* [EXERCISE PROMPT] Stop after the line with "libro - simbolo". Up to that point, output every line of the listing below exactly from the first one onward, skipping pictures.

(Beginning of SOURCE MATERIAL)

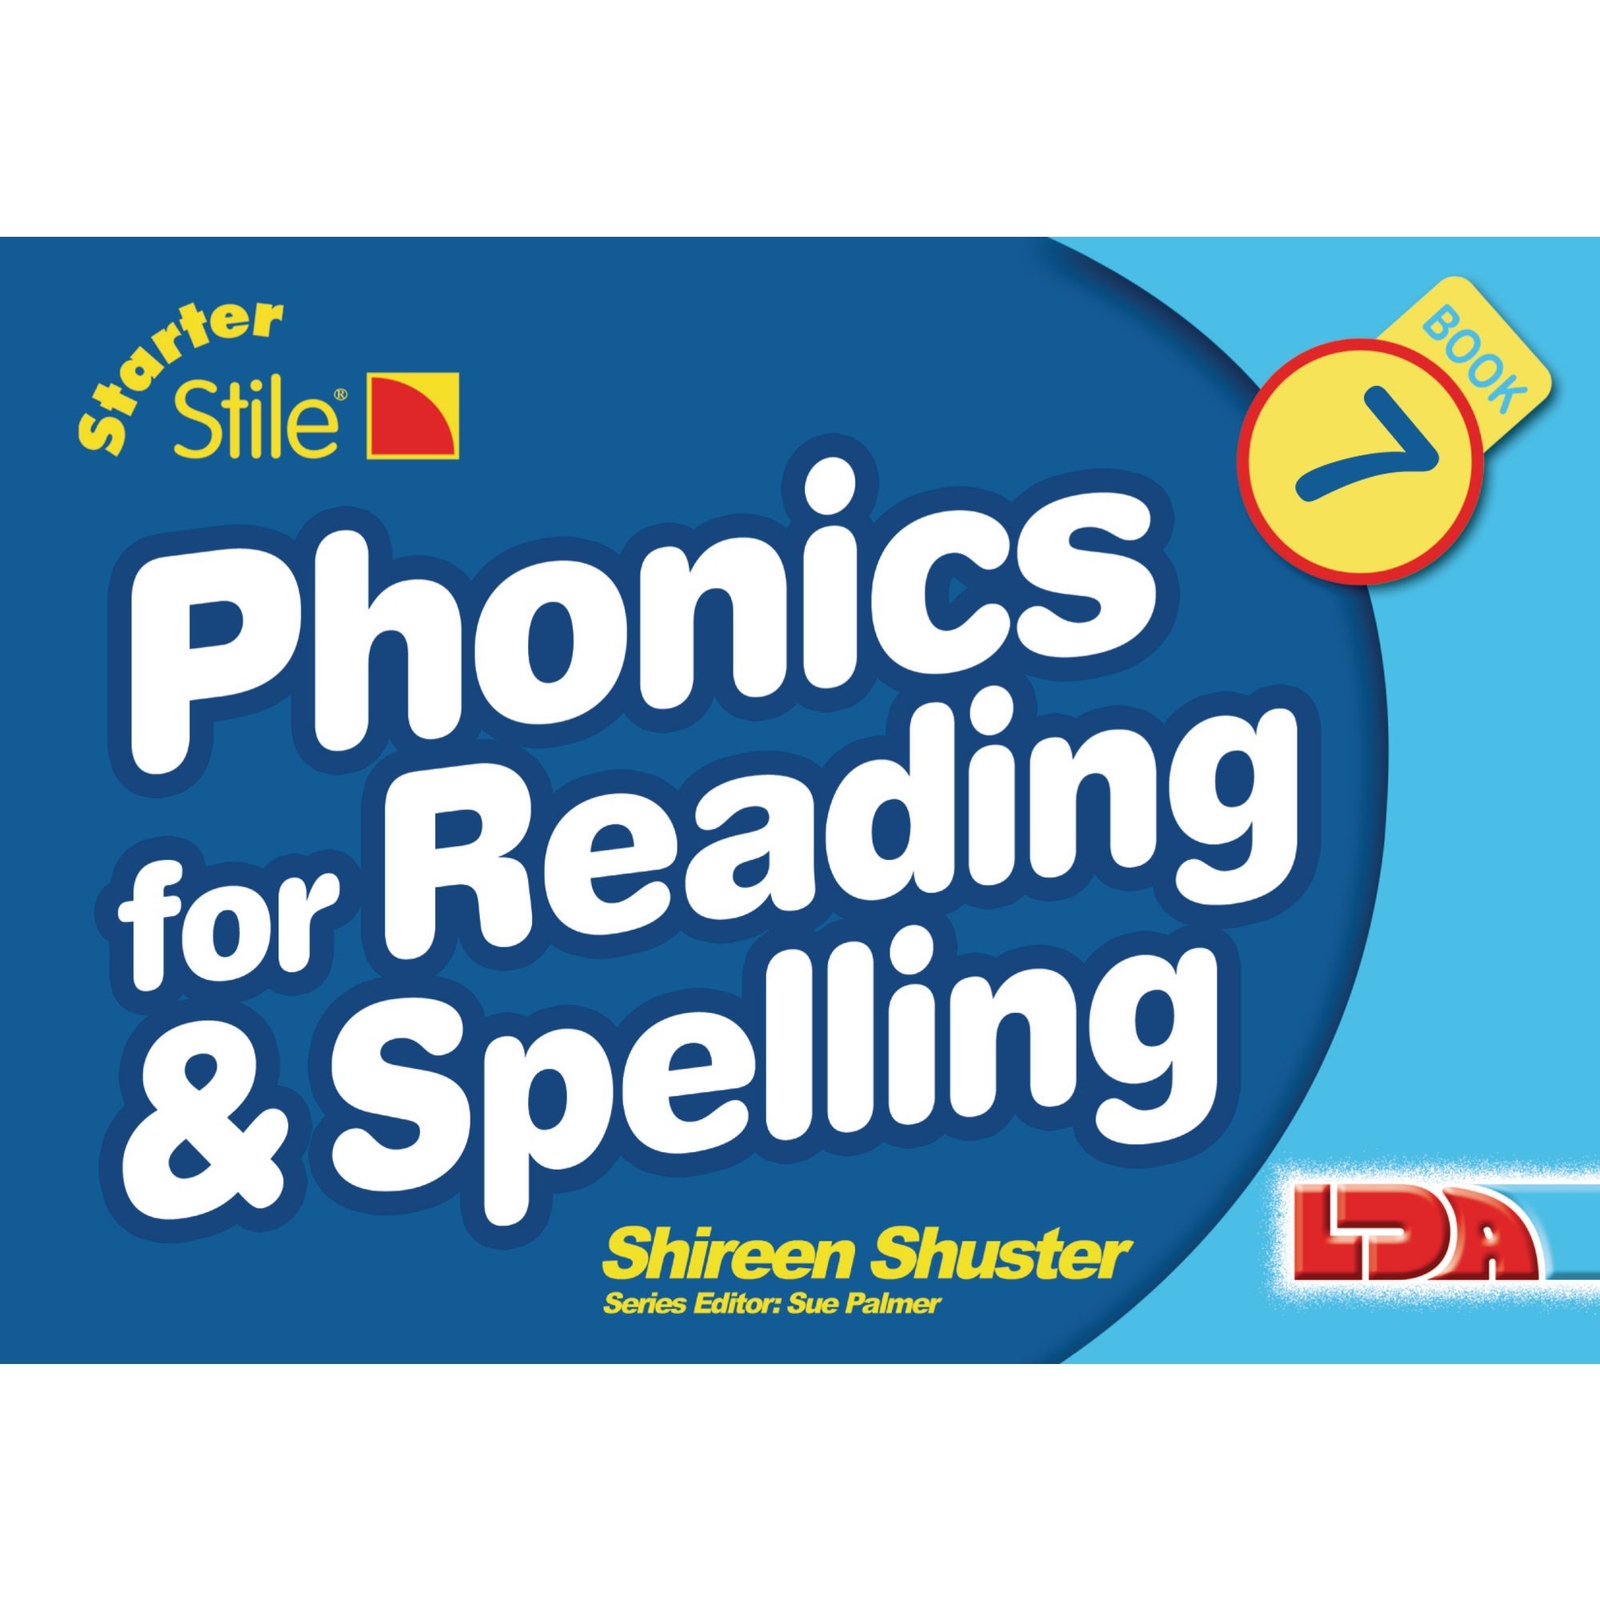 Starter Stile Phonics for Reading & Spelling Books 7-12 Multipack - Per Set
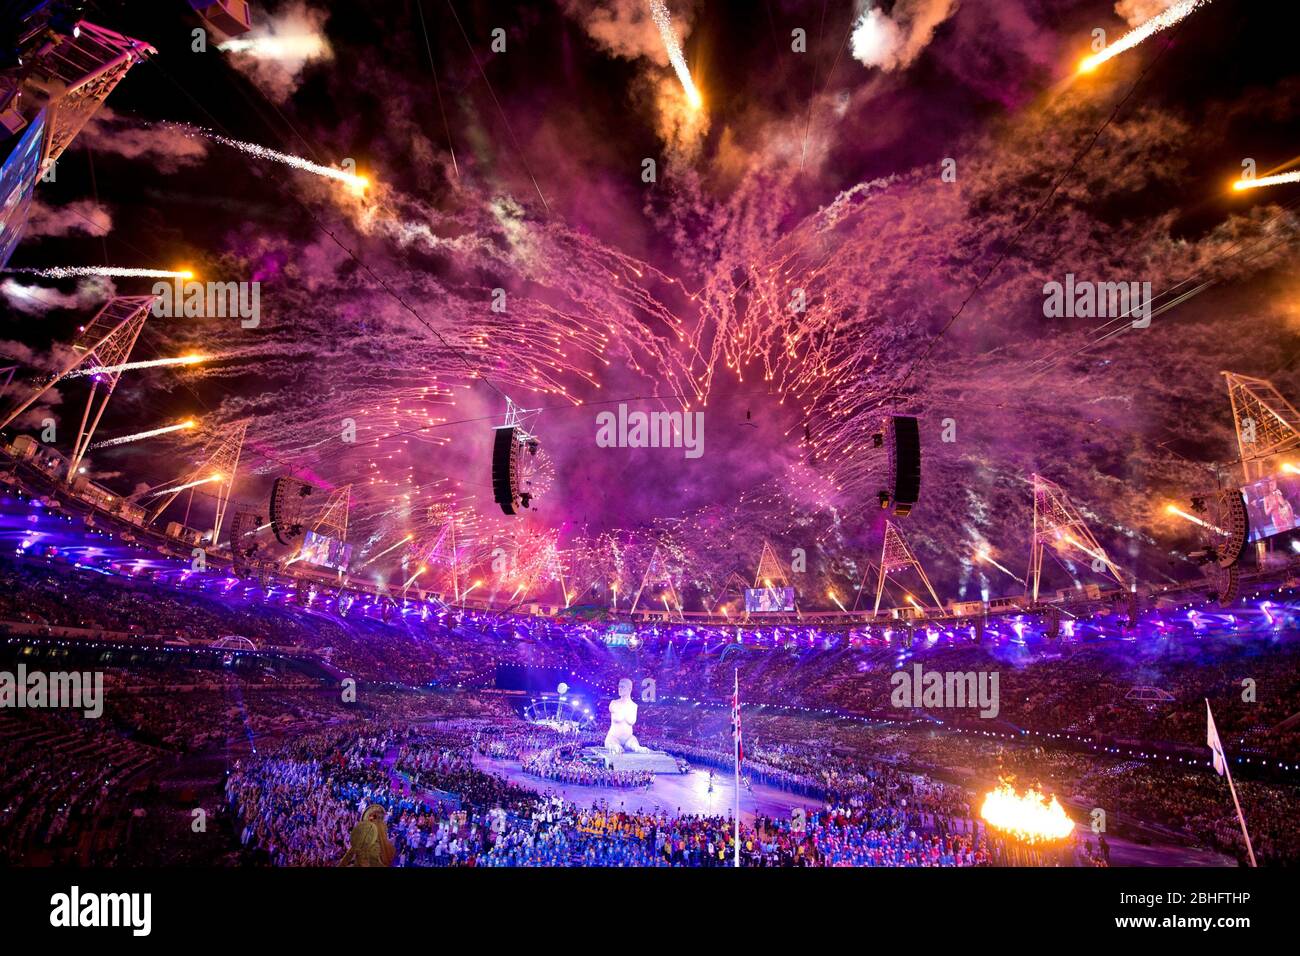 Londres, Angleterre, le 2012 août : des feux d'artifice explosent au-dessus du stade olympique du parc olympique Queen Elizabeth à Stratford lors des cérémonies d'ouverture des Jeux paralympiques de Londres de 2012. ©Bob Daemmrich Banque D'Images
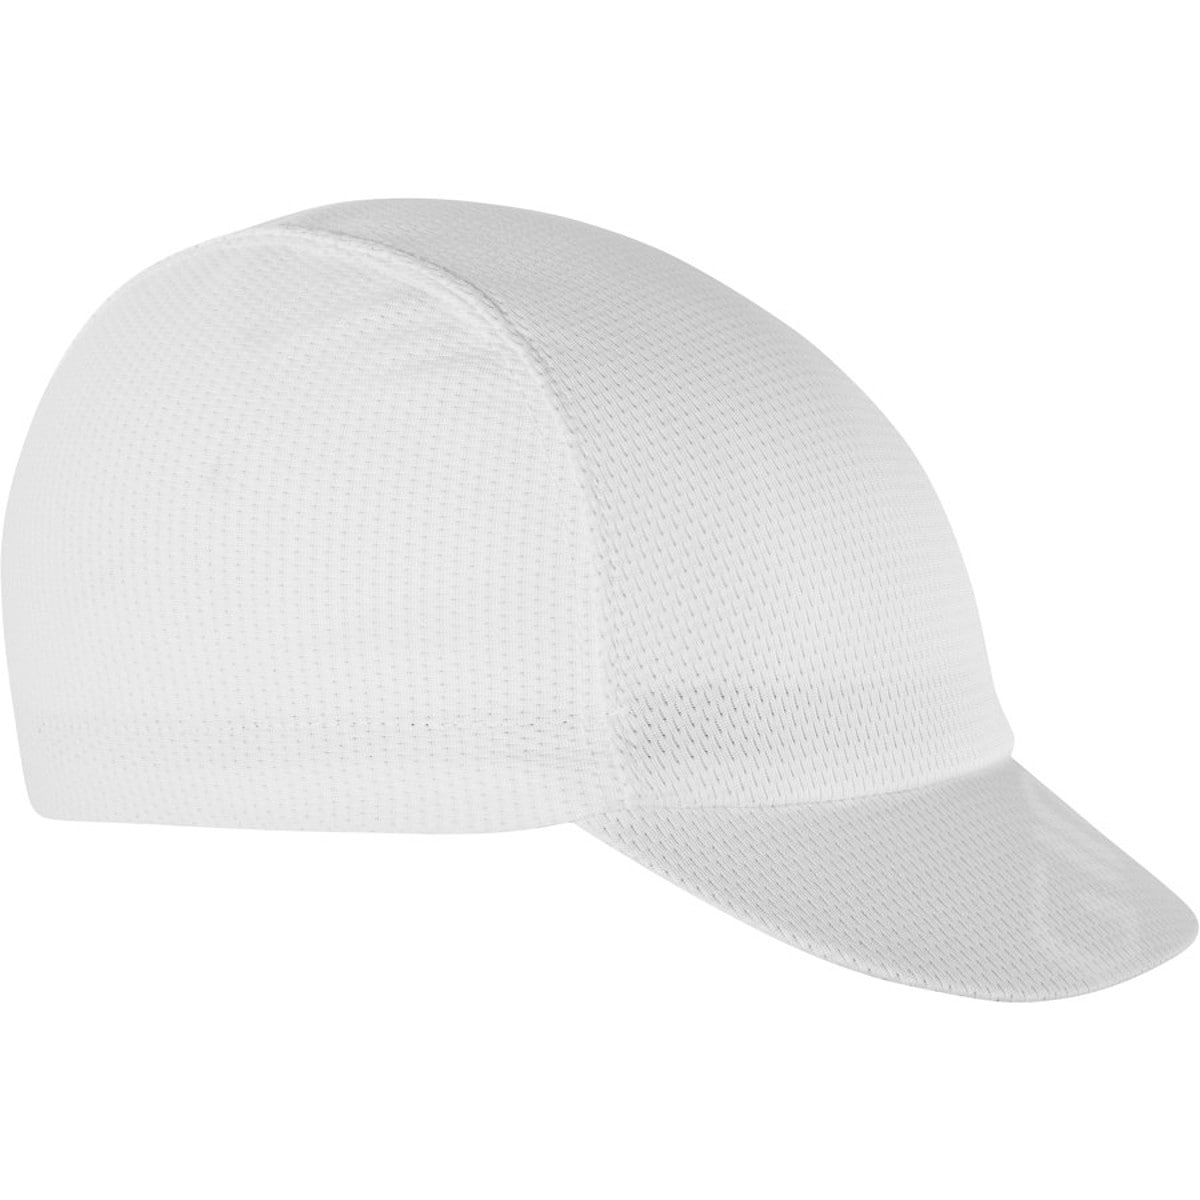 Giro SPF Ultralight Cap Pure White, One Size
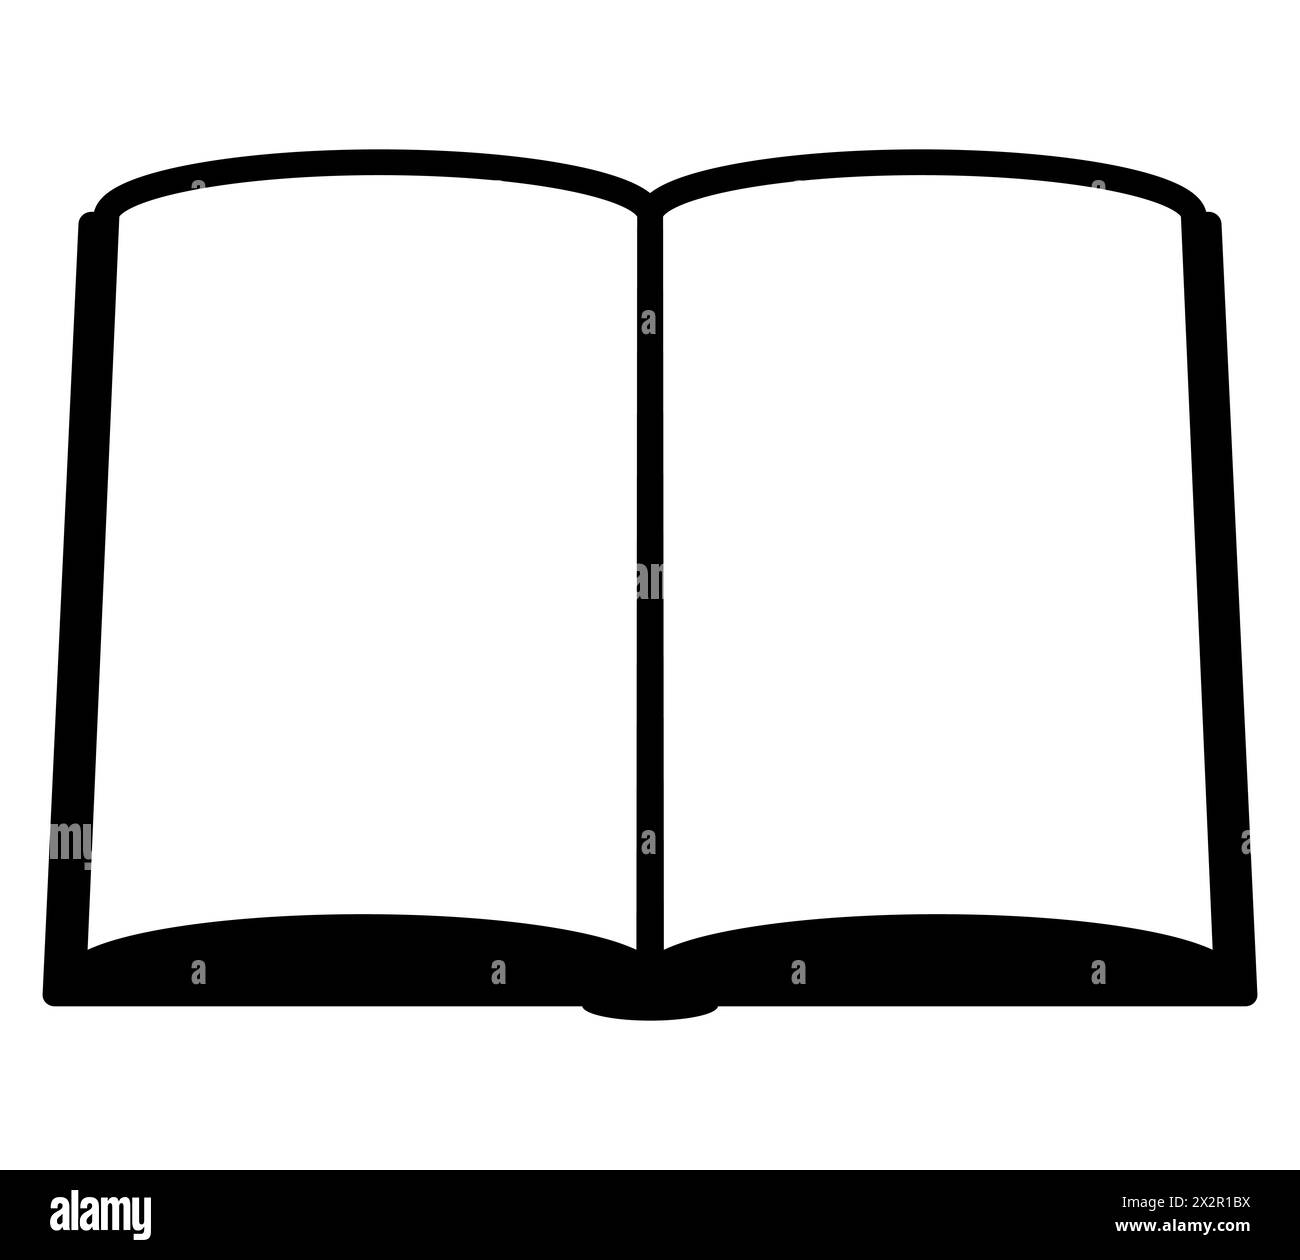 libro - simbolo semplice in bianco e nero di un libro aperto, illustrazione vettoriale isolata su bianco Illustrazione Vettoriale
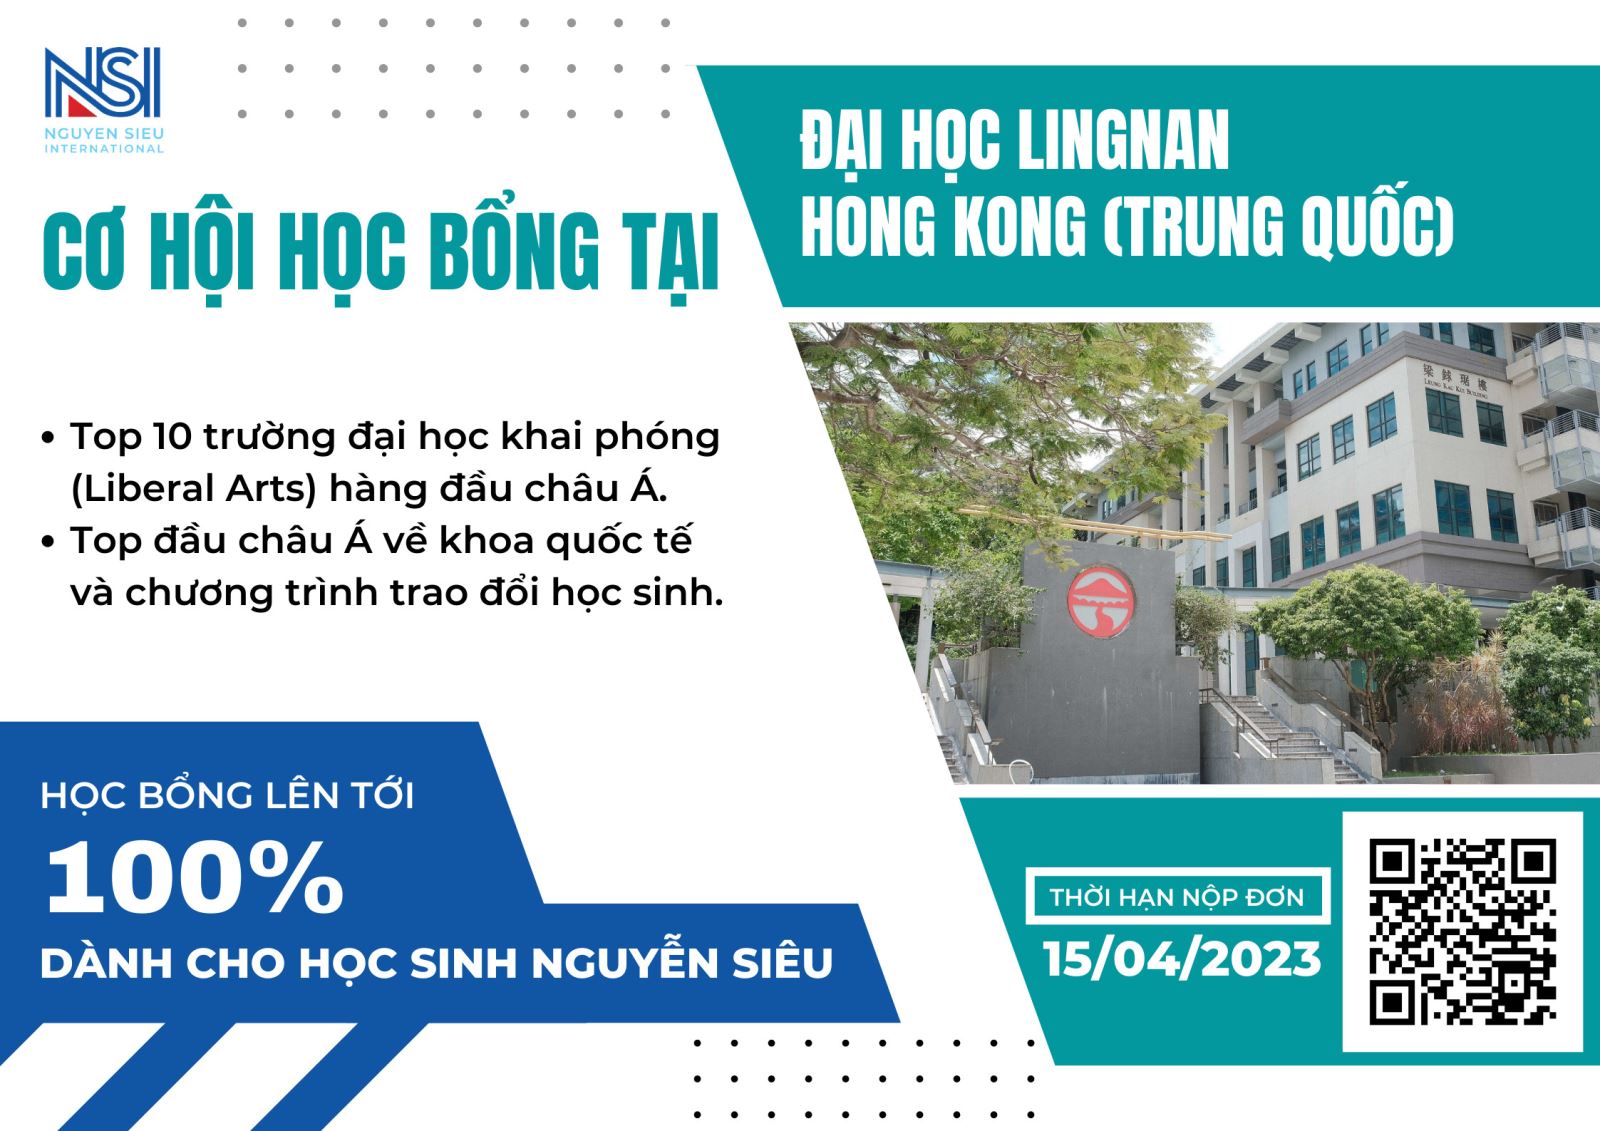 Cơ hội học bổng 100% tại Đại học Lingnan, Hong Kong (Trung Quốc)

(End of SOURCE MATERIAL)

* [WRITTEN ANSWER]
 Starter Stile Phonics for Reading & Spelling Books 7-12 Multipack - Per Set
 Londres, Angleterre, le 2012 août : des feux d'artifice explosent au-dessus du stade olympique du parc olympique Queen Elizabeth à Stratford lors des cérémonies d'ouverture des Jeux paralympiques de Londres de 2012. ©Bob Daemmrich Banque D'Images
 Giro SPF Ultralight Cap Pure White, One Size
 libro - simbolo semplice in bianco e nero di un libro aperto, illustrazione vettoriale isolata su bianco Illustrazione Vettoriale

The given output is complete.